About this exercise: Ignoring every picture, transcribe the data in full as it stands.
[Opening Dataset section section]
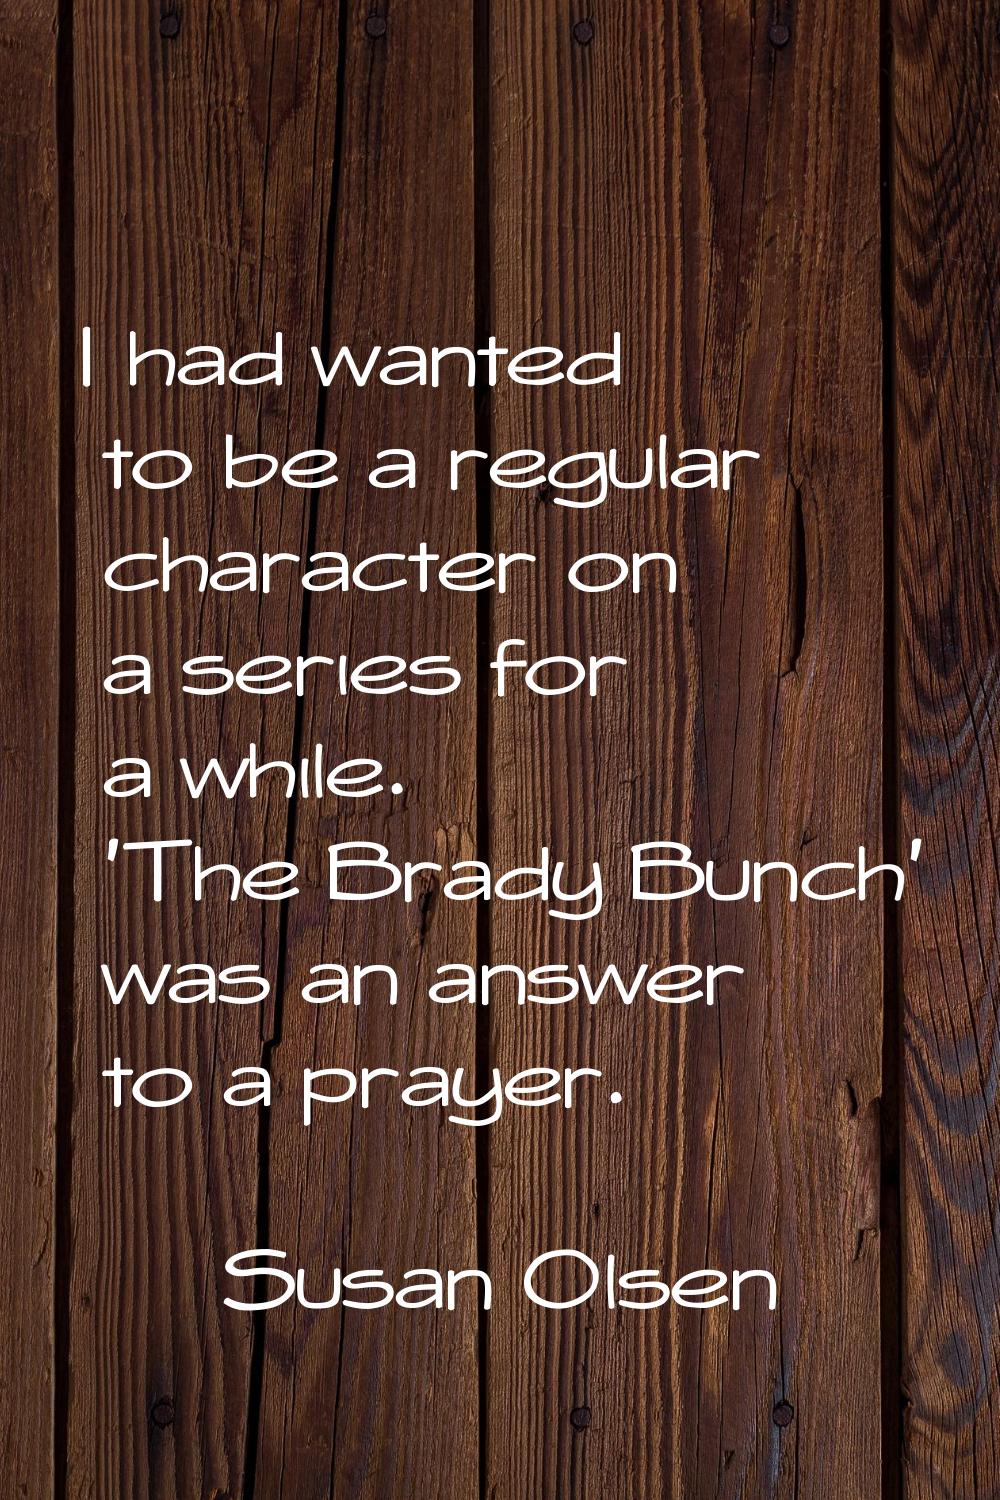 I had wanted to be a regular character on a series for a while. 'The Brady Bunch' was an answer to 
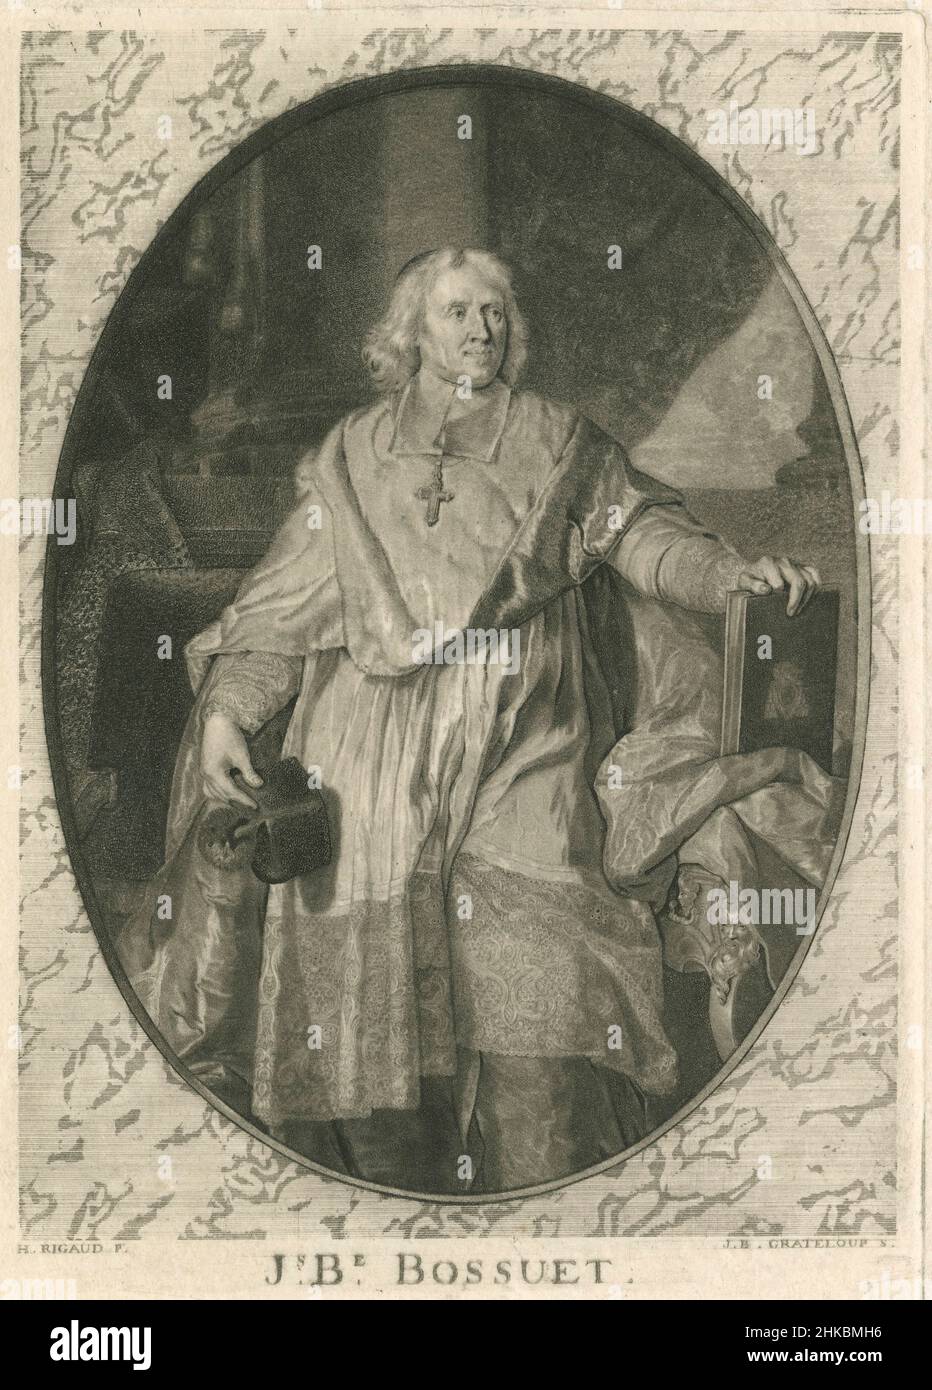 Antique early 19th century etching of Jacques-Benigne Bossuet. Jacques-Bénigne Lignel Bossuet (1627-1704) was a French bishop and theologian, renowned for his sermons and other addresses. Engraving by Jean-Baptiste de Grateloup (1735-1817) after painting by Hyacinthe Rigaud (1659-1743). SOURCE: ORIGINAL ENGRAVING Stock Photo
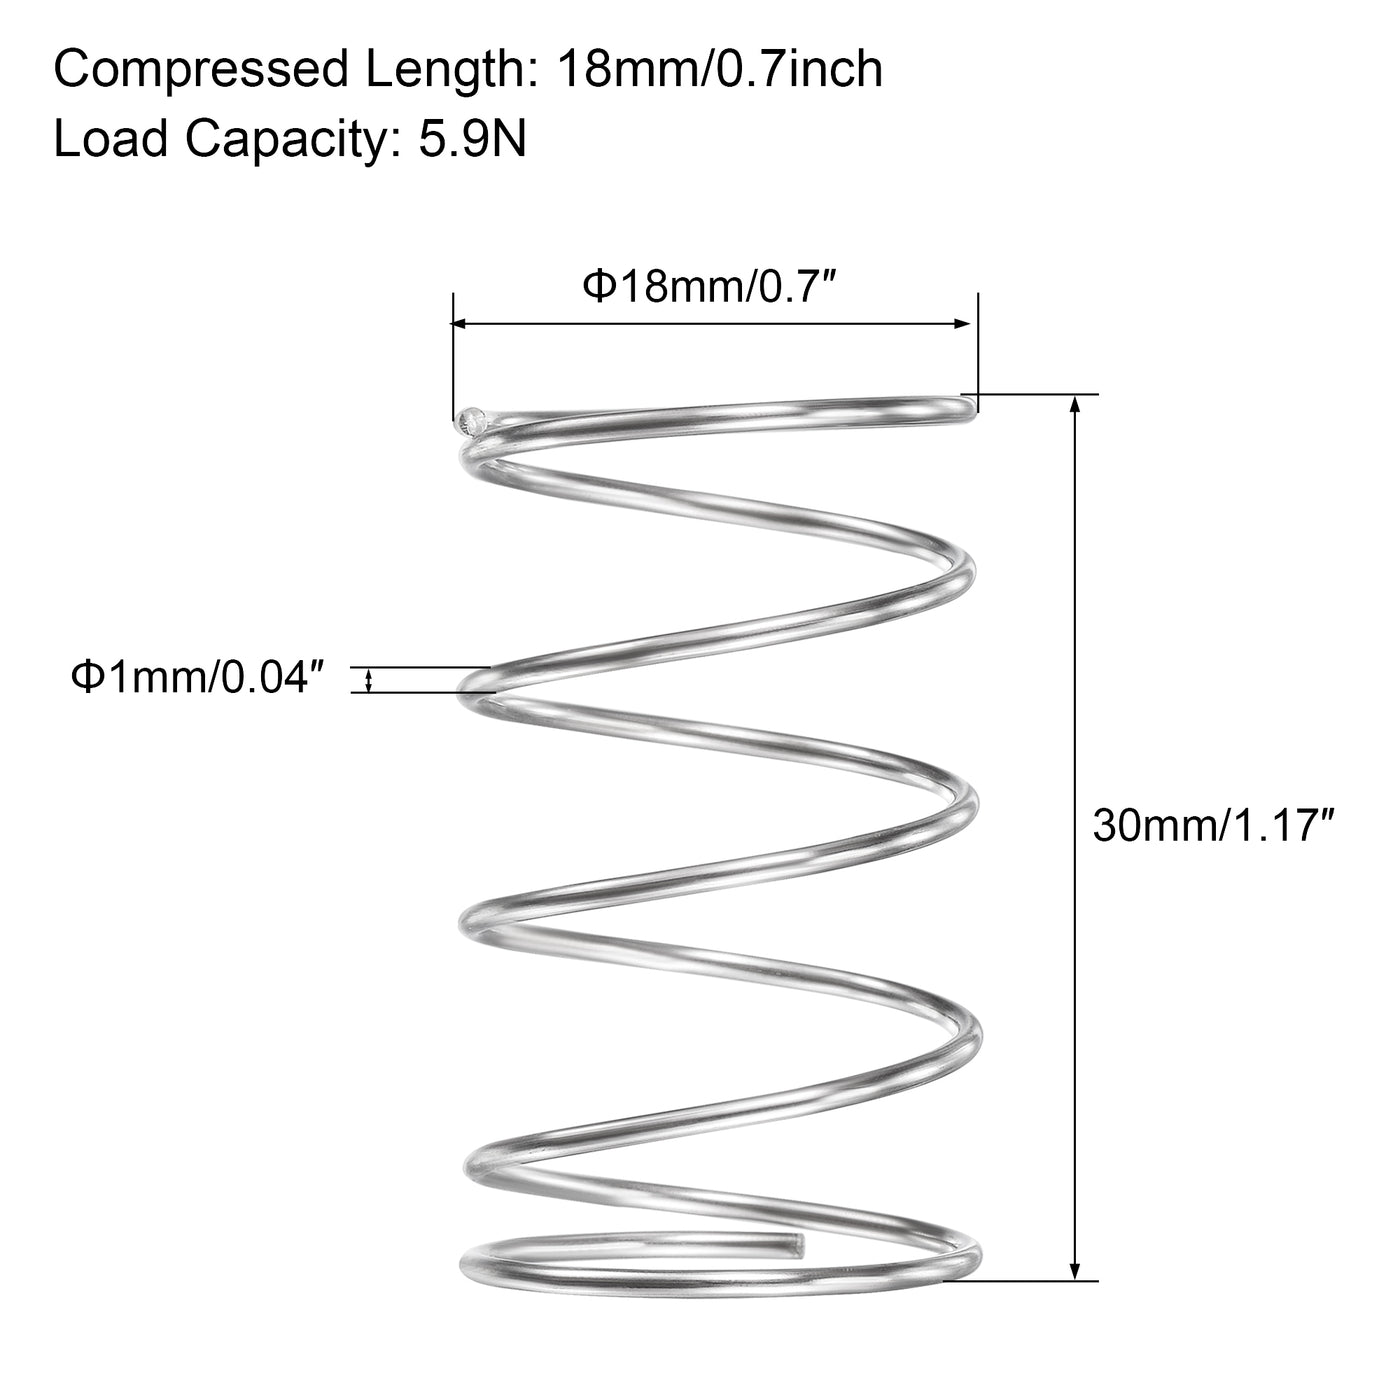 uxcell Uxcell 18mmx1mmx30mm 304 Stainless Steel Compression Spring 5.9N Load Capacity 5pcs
[Closing Dataset section section]
Written answer:
 I had wanted to be a regular character on a series for a while. 'The Brady Bunch' was an answer to 
 Antique early 19th century etching of Jacques-Benigne Bossuet. Jacques-Bénigne Lignel Bossuet (1627-1704) was a French bishop and theologian, renowned for his sermons and other addresses. Engraving by Jean-Baptiste de Grateloup (1735-1817) after painting by Hyacinthe Rigaud (1659-1743). SOURCE: ORIGINAL ENGRAVING Stock Photo
 uxcell Uxcell 18mmx1mmx30mm 304 Stainless Steel Compression Spring 5.9N Load Capacity 5pcs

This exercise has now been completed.